By three months, your little one’s lactase enzyme starts to match the lactose content of breast milk, which is way higher than any normal cow’s milk formula. It peaks between six and 12 months and by two years old it plateaus and may even decrease. The enzyme will decrease over the years and by adulthood we all have less lactase enzyme as technically we should be eating full solid diets.
A very small percentage of babies are born with a metabolic lactase deficiency. This is a potentially life-threatening condition and is called primary lactase deficiency. These babies will get severely ill if they have lactose and are the cases where all forms of lactose must be avoided. They can’t have breast milk and need to be on a soya or 100% lactose-free formula. These formulas use maltodextrin as the alternate carbohydrate in the milk. The process of digestion is similar to sucrose, but gentler to the rise in blood sugar and more in line with breast milk than sucrose (table sugar).

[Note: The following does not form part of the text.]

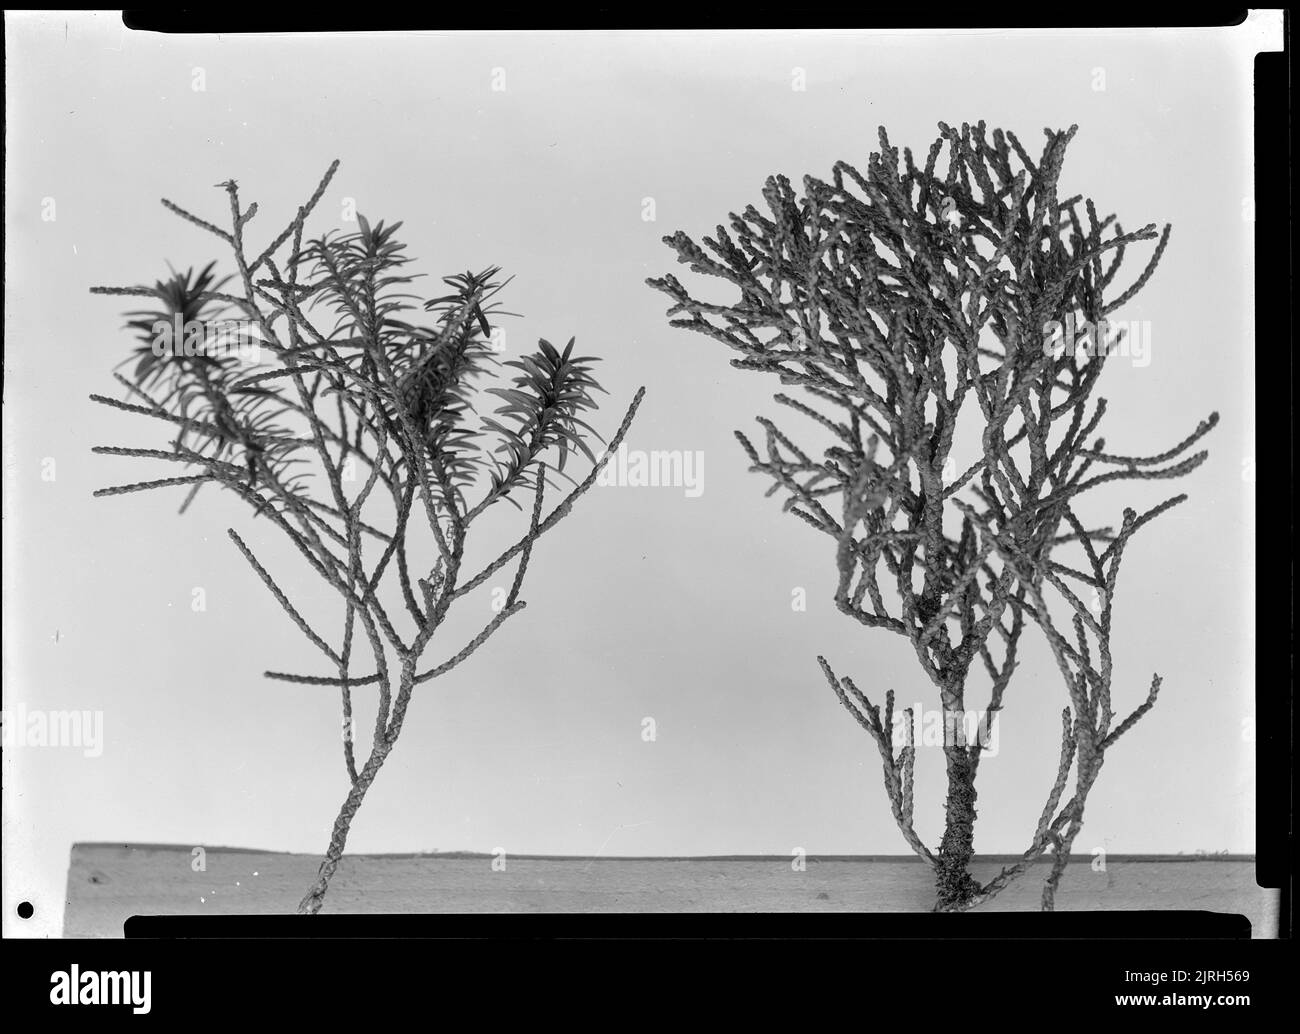 Juvenile and mature foliage of the only tree of Dacrydium biforme known in this part of Tararuas, 21 September 1929 - 22 September 1929, by Leslie Adkin. Gift of G. L. Adkin family estate, 1964. Stock Photo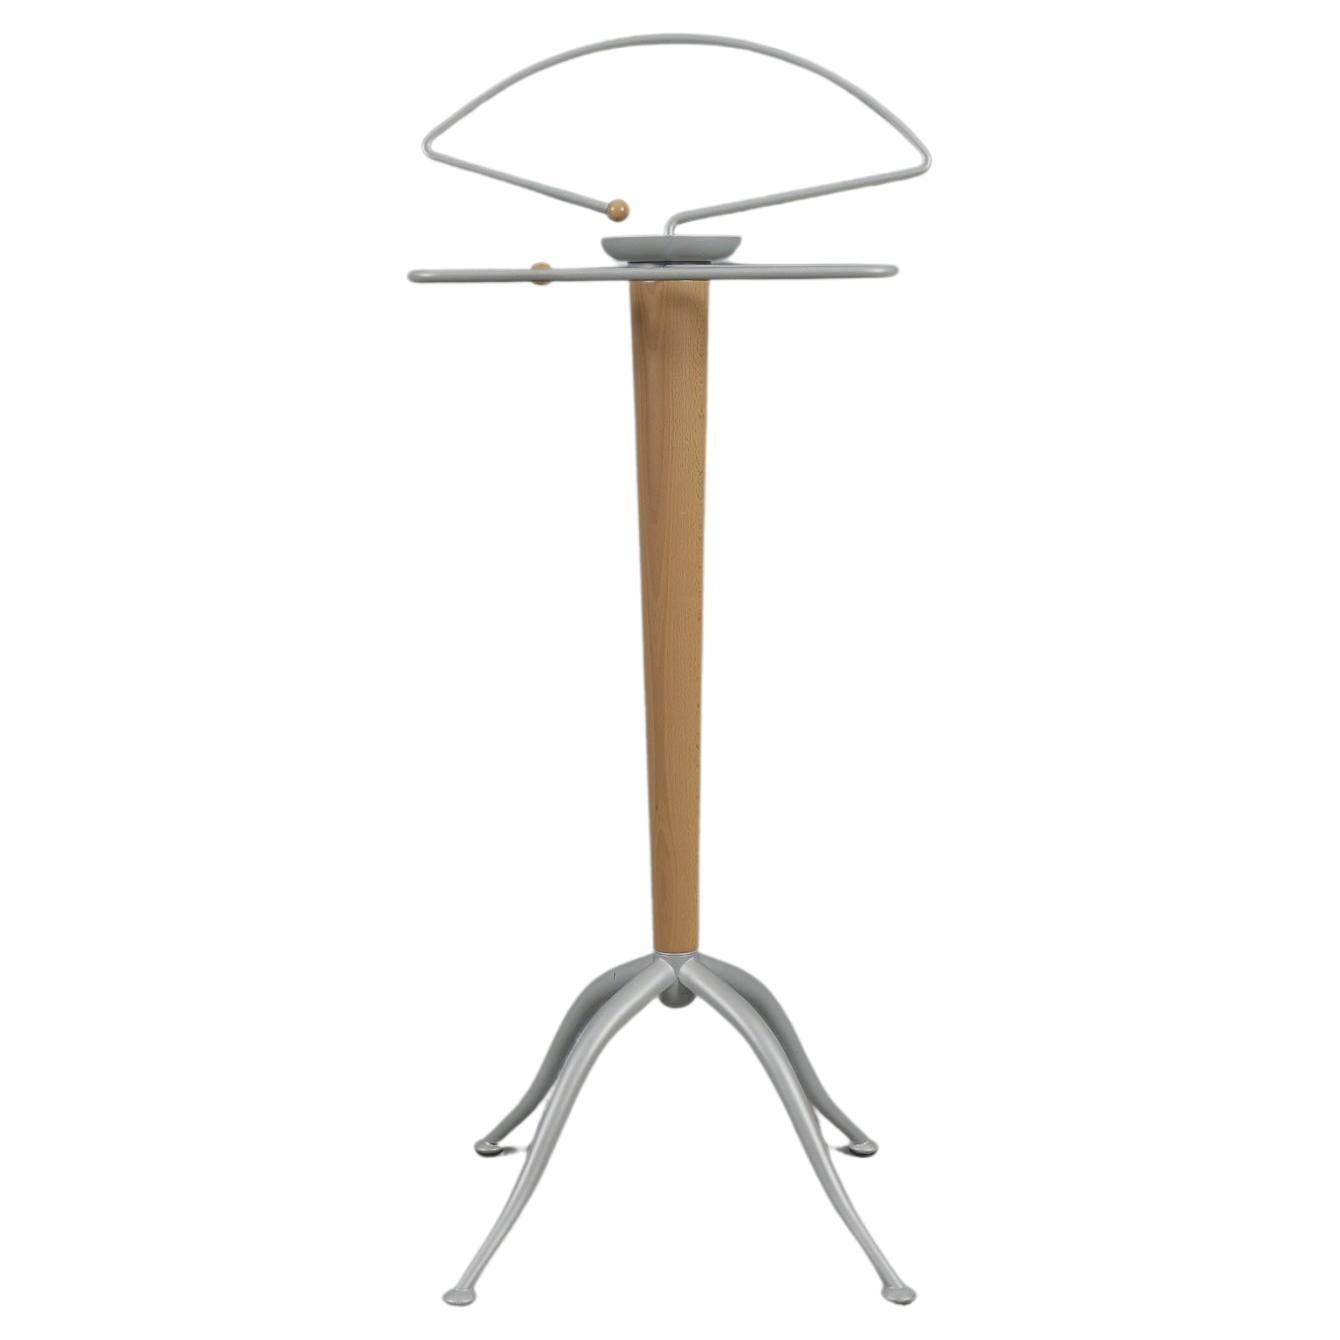 Italian Postmodern Calligaris Valet Stand, Made in Italy 1980s

Babies may be temporarily lactose intolerant after a bout of gastro and so a lactose-free formula can be used for two to four weeks post illness; however, it’s important to give lactose again so that the gut can make lactase enzyme again. Avoid long-term use of lactose-free formula and never stop breastfeeding unless your child has been diagnosed with a primary lactose intolerance by your paediatrician.
So, in essence, there is therapeutic use for lactose-free formulas in cases of a metabolic disorder called primary lactose intolerance and for two to four weeks post gastro illness.
The takeaway? You want to mimic natural breast milk as closely as possible and breast milk does contain lactose. It is important that your baby’s gut learns how to break down lactose and to this end, it is recommended that you use a reduced-lactose formula rather than lactose-free as you try to figure out what is causing your poor baby distress. Also, lactose-free contains sugar, which you want to avoid as it contributes to digestive discomfort. As always, seek medical care if you’re worried – and keep your eye on the light at the end of the tunnel!